TASK BRIEF. I need an exact copy of the lines from the one containing "A response to" through the end of the records, without any pictures.

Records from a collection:
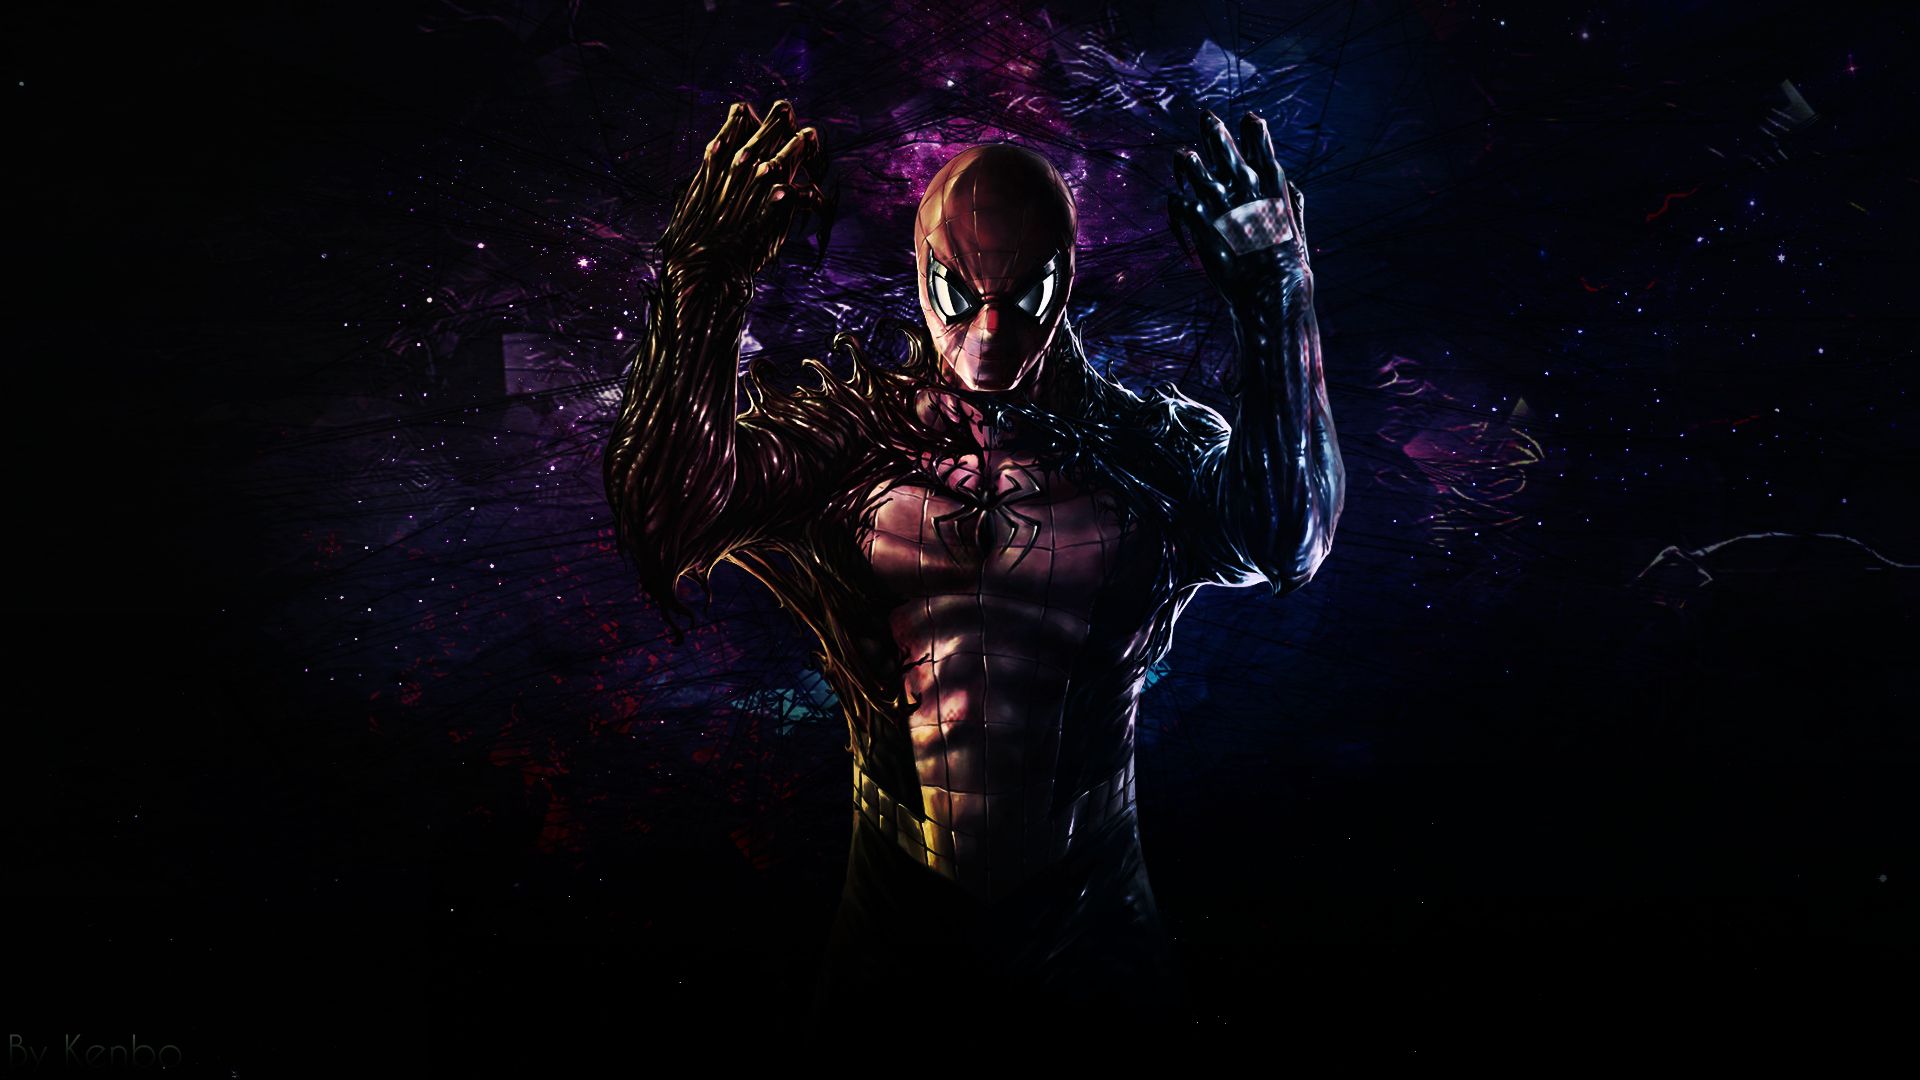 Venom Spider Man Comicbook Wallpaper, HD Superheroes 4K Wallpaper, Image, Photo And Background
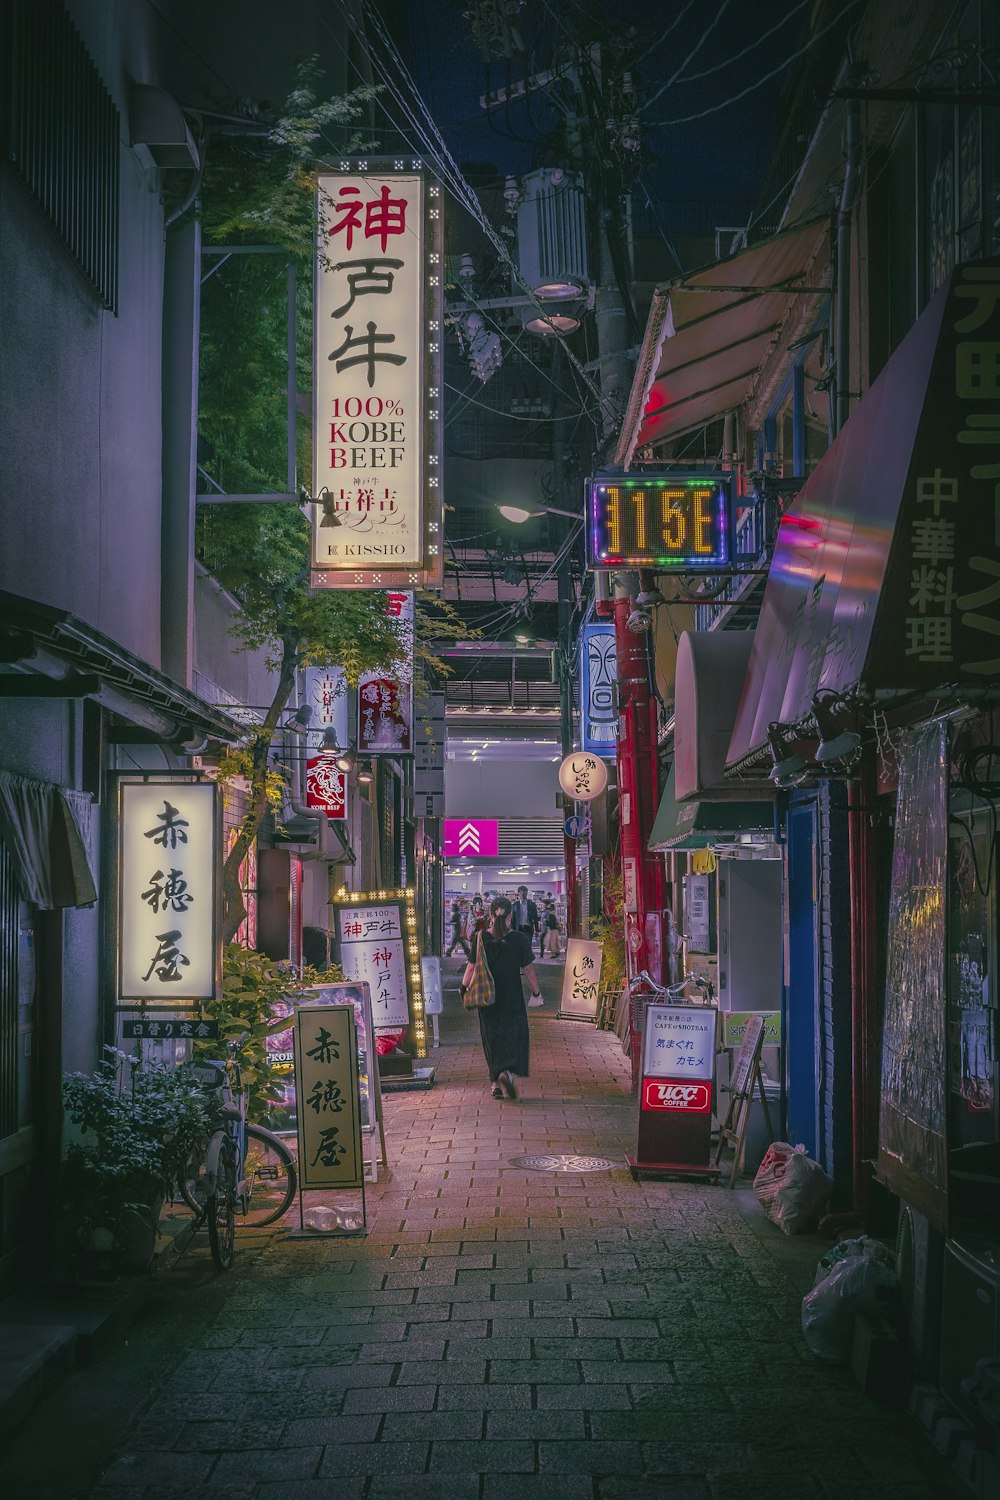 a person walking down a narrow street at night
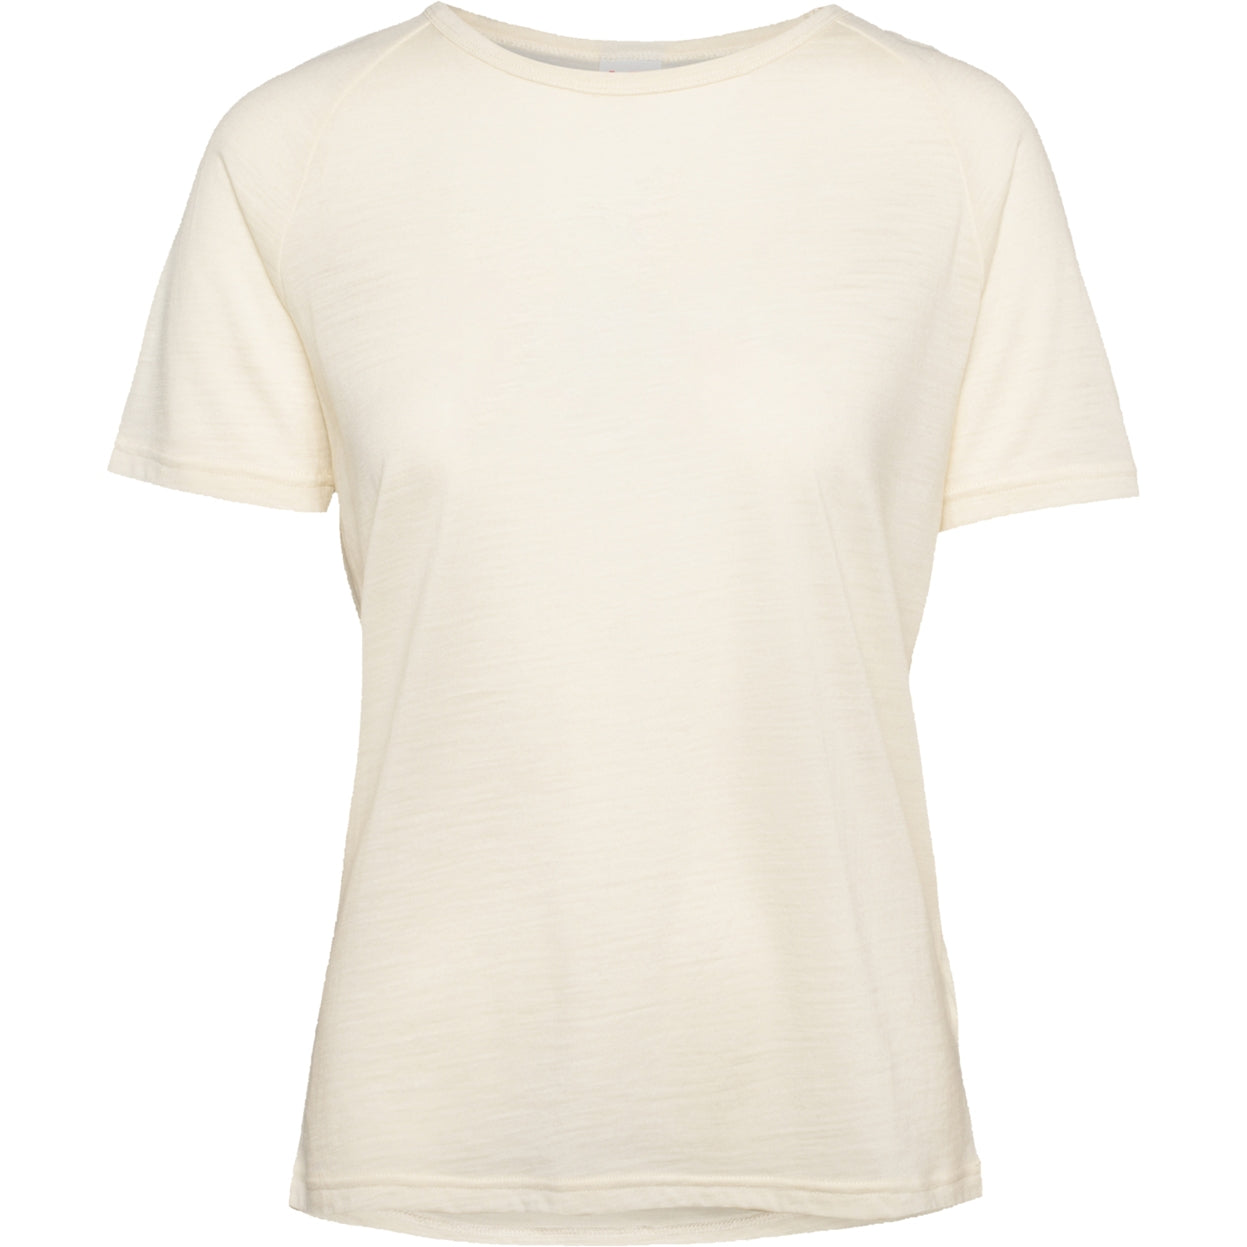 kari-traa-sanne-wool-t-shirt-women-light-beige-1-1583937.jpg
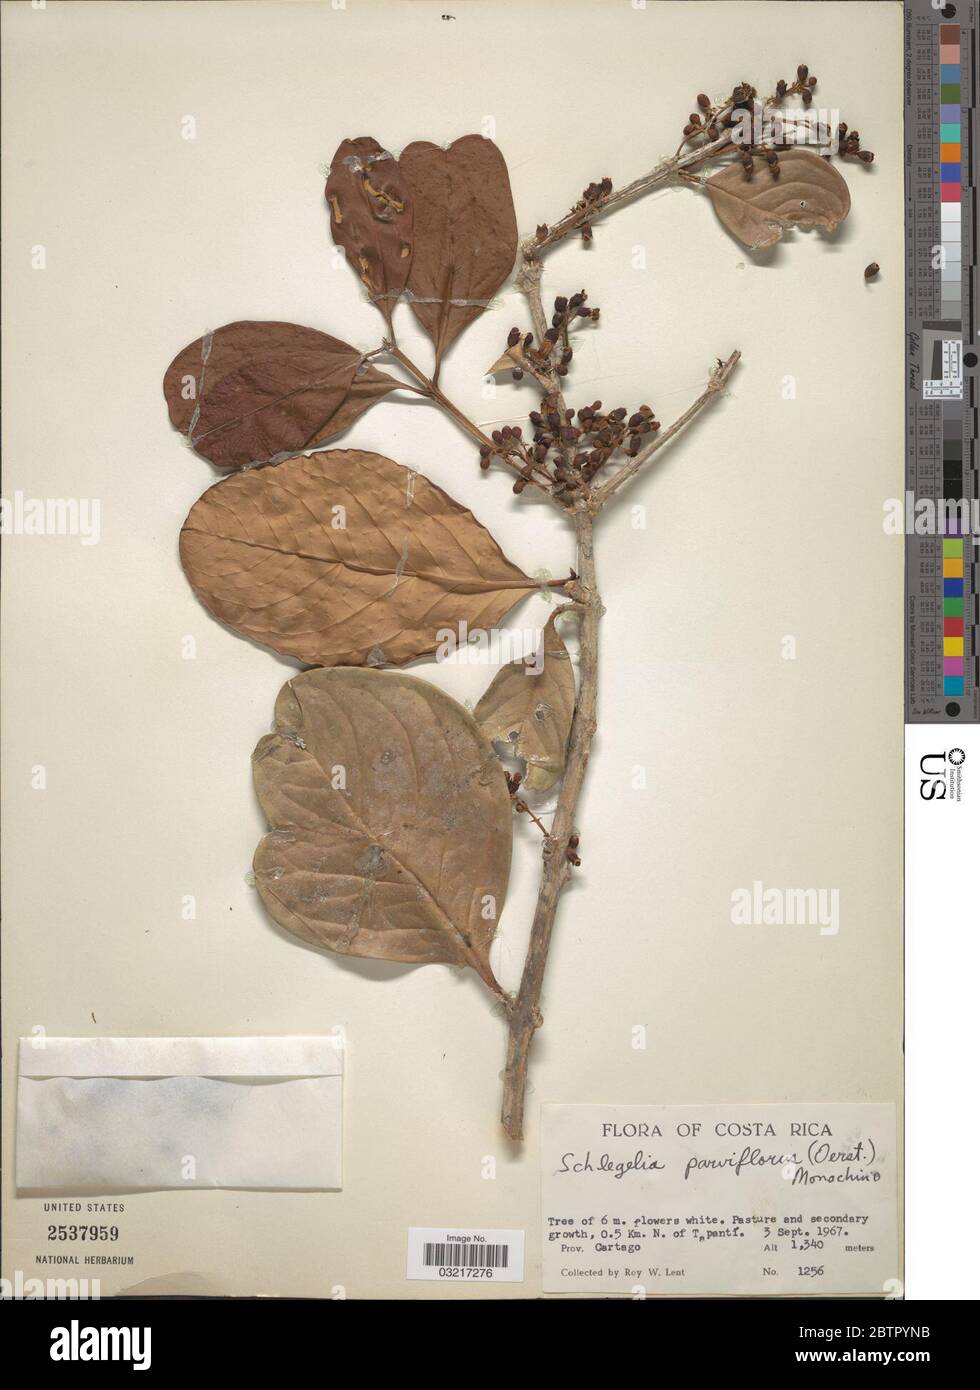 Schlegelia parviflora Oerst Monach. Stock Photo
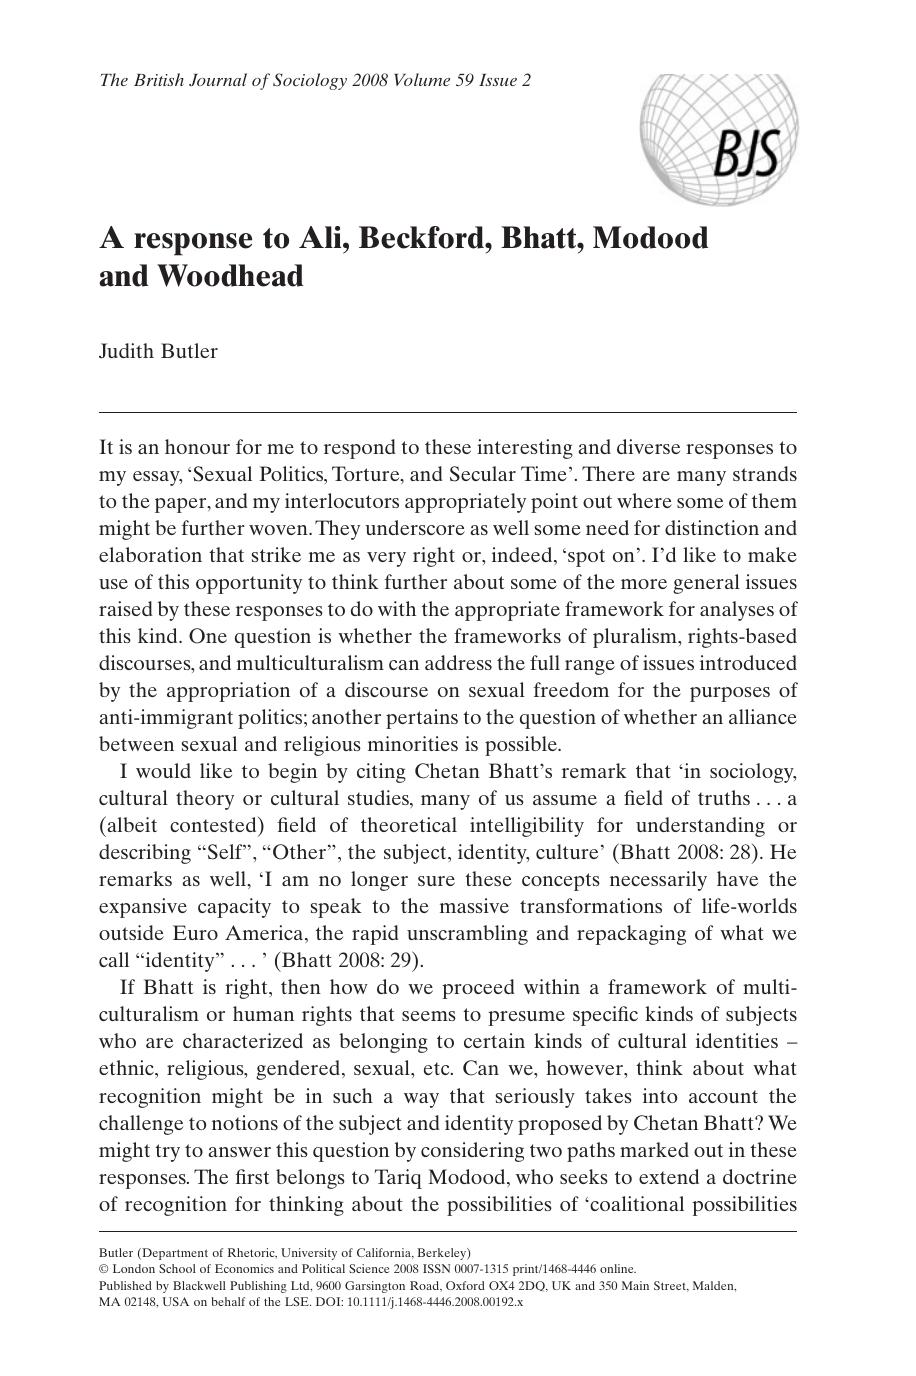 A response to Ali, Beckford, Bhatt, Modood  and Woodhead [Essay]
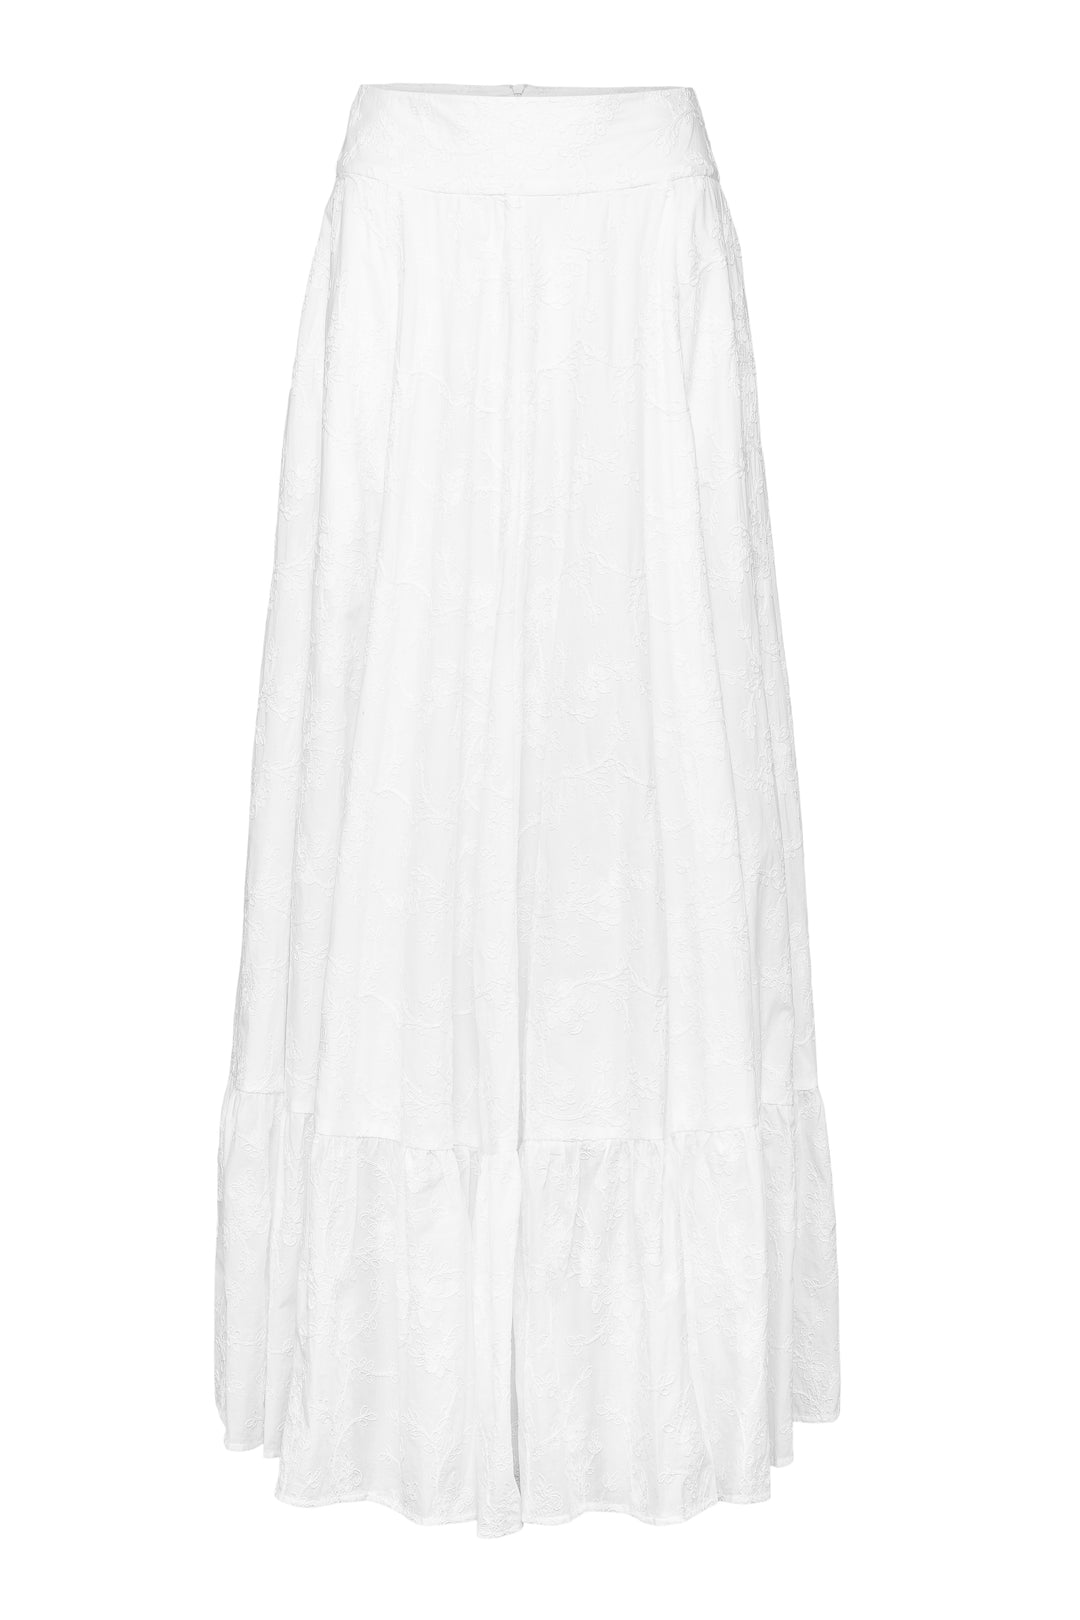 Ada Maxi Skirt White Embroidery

PROBLEM SOLUTION.
 A response to Ali, Beckford, Bhatt, Modood  and Woodhead [Essay]
 Ada Maxi Skirt White Embroidery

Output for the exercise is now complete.